What attracts men to a fat woman

Big sex: where is the limit
between fetish and desire?

Dear Conny, I find your contributions an enrichment of the blog AND actually they would - all, across the board - wonderful templates for lively discussions. It is a shame that these blogs (not only this one) rarely give rise to discussions. I would like to use this post and say thank you for sharing your thoughts with us.

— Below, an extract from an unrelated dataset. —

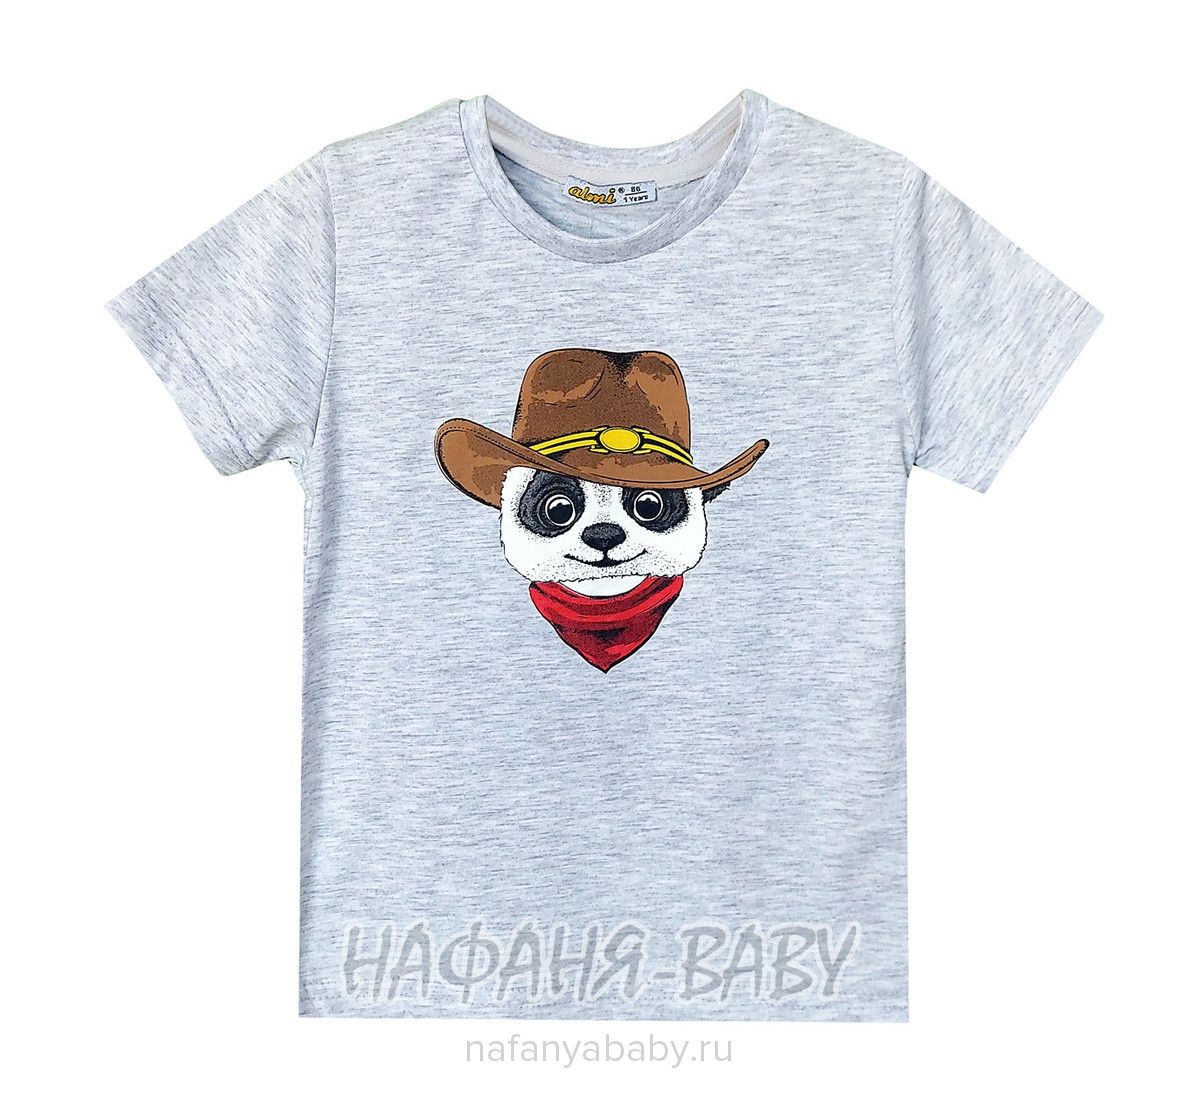 Детская футболка ALG арт: 122120, 1-4 года, цвет серый меланж, оптом Турция

But back to the subject of fetish and fat .. I think, regardless of whether we are fat or thin, women run the risk of being only intended as a sex object and not as a person. I now know both the “normal” slim way of life (i.e. not thin, but 36/38 later for a long time 40) as well as the fat one. Looking back and comparing, I can only say that I only have a man today who loves me all around as I am and who has got to know me well. Who is proud of me, values ​​my opinion, loves my humor (a very important factor in our relationship), supports me wherever I can, but does not limit or even prevail. For his predecessors, I was slim but, because I was blessed with my own opinion and values, rather exhausting - possibly also sometimes just annoying. It wasn't about me as a woman as a whole.
As for the experience on dating platforms ... what I hear is that slim women have similar experiences. Then it's just different fetishes, different sexual preferences. What they all have in common, however, is that only the optics and not the entire person are meant. (Dating platforms would be worth their own topic - you can only survive them with a good sense of humor, self-confidence and an eye for situation comedy - and a healthy mistrust)
In the end, the only question that remains for me is why so many men are ashamed of finding fat women attractive. And here I make it easy for myself :-) .. and draw the conclusion for myself that it is not important to know why. It is sufficient to assume that these are all men who do not rest in themselves and, in the best case scenario, they lack self-confidence (in the worst case it is simply a weakness of character) and for this reason alone are out of the question for a partnership with me. They would be more of a burden than an enrichment (a man should do me good - men also have this claim on us women)
In any case, my husband has not suffered any professional disadvantages from me, nor would anyone have ever thought of commenting negatively on me - the opposite is the case. I assume that this is partly because my husband always and in every situation signals that we belong together and that he is proud of me and values ​​my opinion. He's loyal and so am I. I suspect that it simply doesn't occur to anyone that there could be room for negative comments.
If I wanted to / have to look for a partner again today - at an advanced age - then a man would only be worth a second look as a potential partner if I laughed heartily with him (we would have to have a similar sense of situation comedy) and discuss it extensively and passionately. And if THAT was true, then the next thing would be the values. Here, too, I would be less willing to compromise today than I was when I was younger. But this is also due to the fact that I now know for sure that living alone has its advantages and that I can also enjoy that and thus a relationship is only an enrichment and not a basis for a happy and contented life. It was different when I was young - and that meant I more often made compromises in the wrong place.
The great, loyal men who also fit in with us are generally rare ... for thin and fat women (and I'm afraid that men will have similar experiences in reverse).